Dünyanın en mutlak çölü Antarktika’nın, ıssızlığının sebebi soğuktur; Yeni dünyanın kenarında iklim şartlarının çok daha yumuşak olduğu bir bölgede yaşayan Eskimolar 6 376 000 km2 lik bir yüzeyde ancak 50 000 kişidirler; yani km2’ye düşen nüfus yoğunluğu 0,007 7 kişidir; bu, her yüz kilometrede 77 kişilik bir topluluk yaşıyor demektir.
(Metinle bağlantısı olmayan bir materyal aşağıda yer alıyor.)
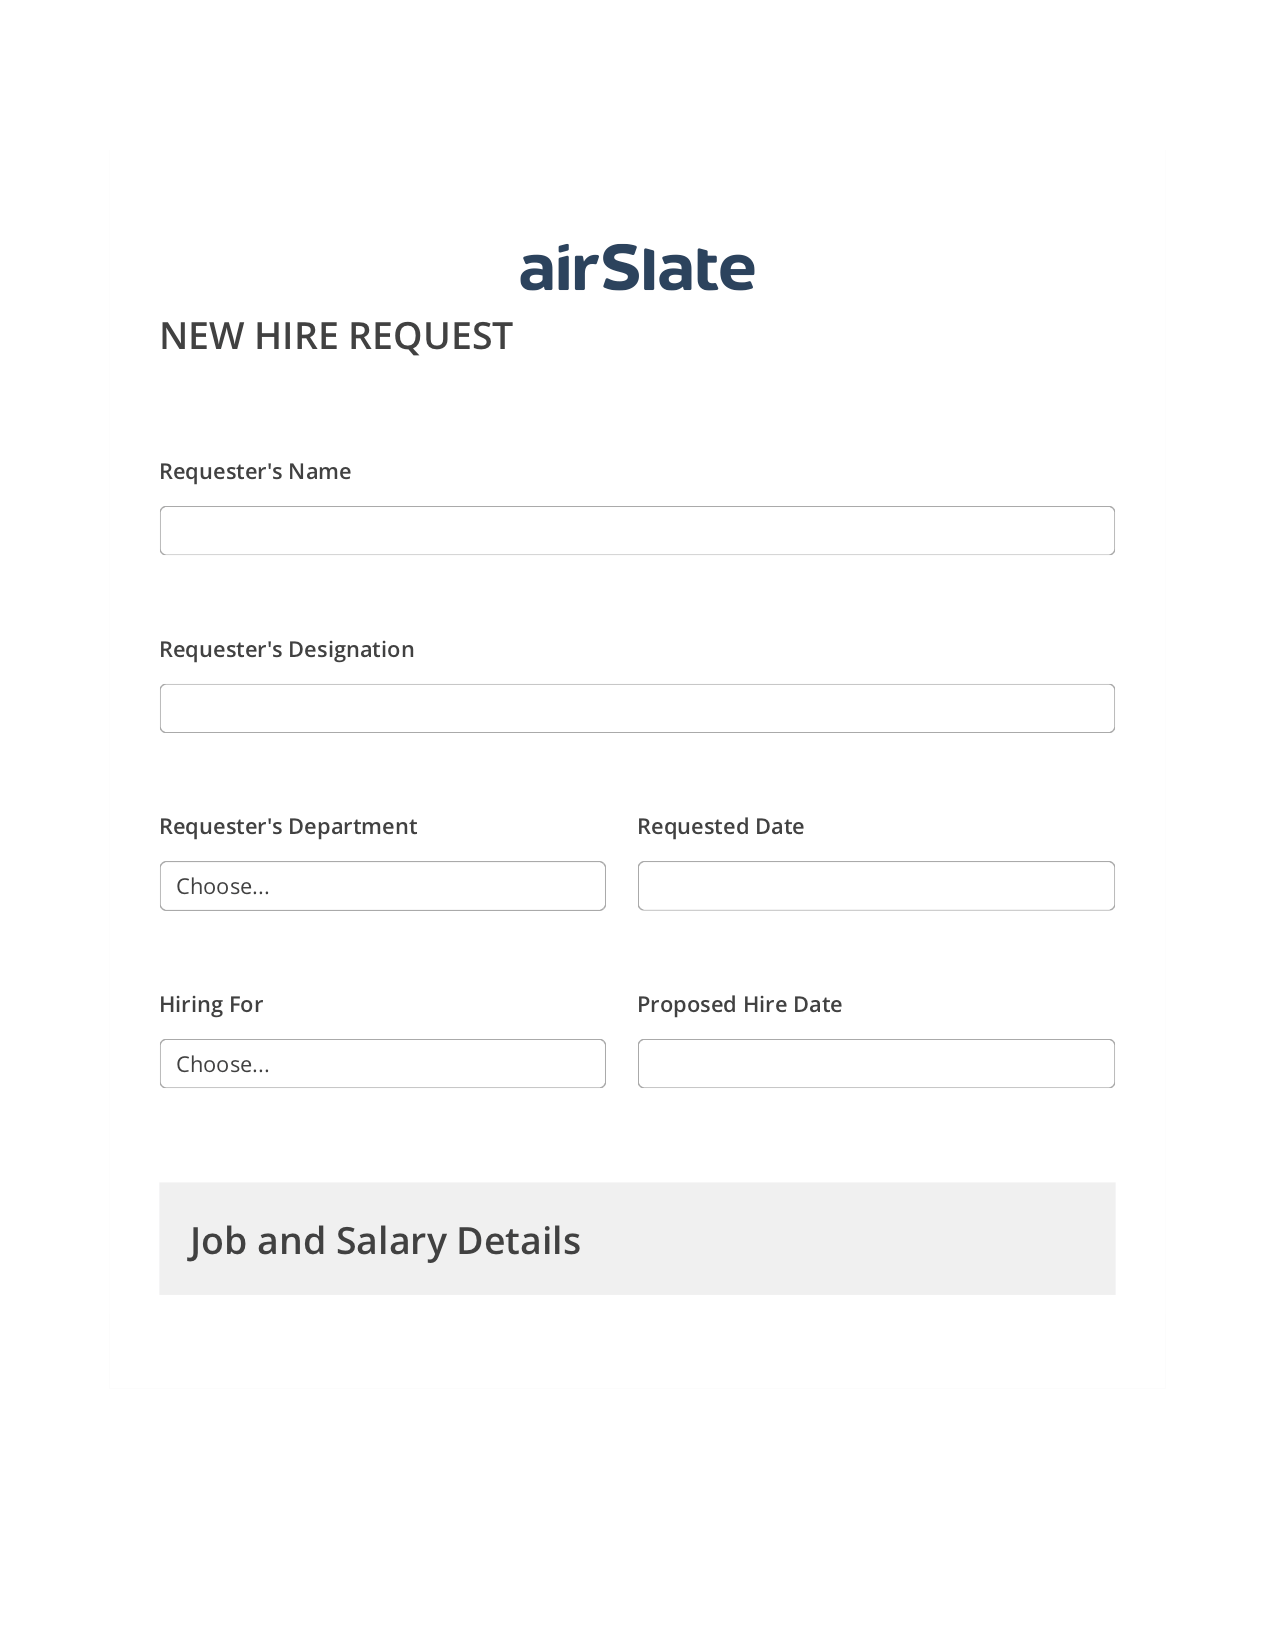 Hiring Request Workflow Pre-fill from MS Dynamics 365 Records, Unassign Role Bot, Archive to SharePoint Folder Bot

İklimin kuraklığından meydana gelen çöller daha kalabalıktır: Taneznıft gibi bazı aşırı kurak kesimler Kanada arktikasıyla oranlanabilirse de, Sahra’nın bütününde km2’ye nüfus yoğunluğu 0,3 tür.
Dünyanın Arabistan, Orta Asya ve Avustralya’daki öbür çöllerinde de nispeten yerleşilmiştir ve Batı Amerika ile Güney Amerika’nın iklimi daha yumuşak çöllerinde km2’ye birçok kişi düşen nüfus yoğunlukları görülür.
Çöl İklimi
Dünyada hiç yağış almayan çok az bölge vardır: en kurak çöl şili çölüdür: burada on dokuz yılda 0,6 mm yağış kaydedilmiştir.
Sahra’nın en kurak kesimleri bile oldukça yağış alır: bu çölün büyük kısmına yılda en aşağı 20 mm yağış düşer.
Ayrıca biıçok bölge (özellikle A.B.D.’nin batısında ve Orta Asya’da) çöl sayıldıkları halde aslında yılda 100-200 mm yağış alır ve görünüşleri çöllere has çıplak kumullar veya taşlık «reg»lerden çok bozkıra benzer.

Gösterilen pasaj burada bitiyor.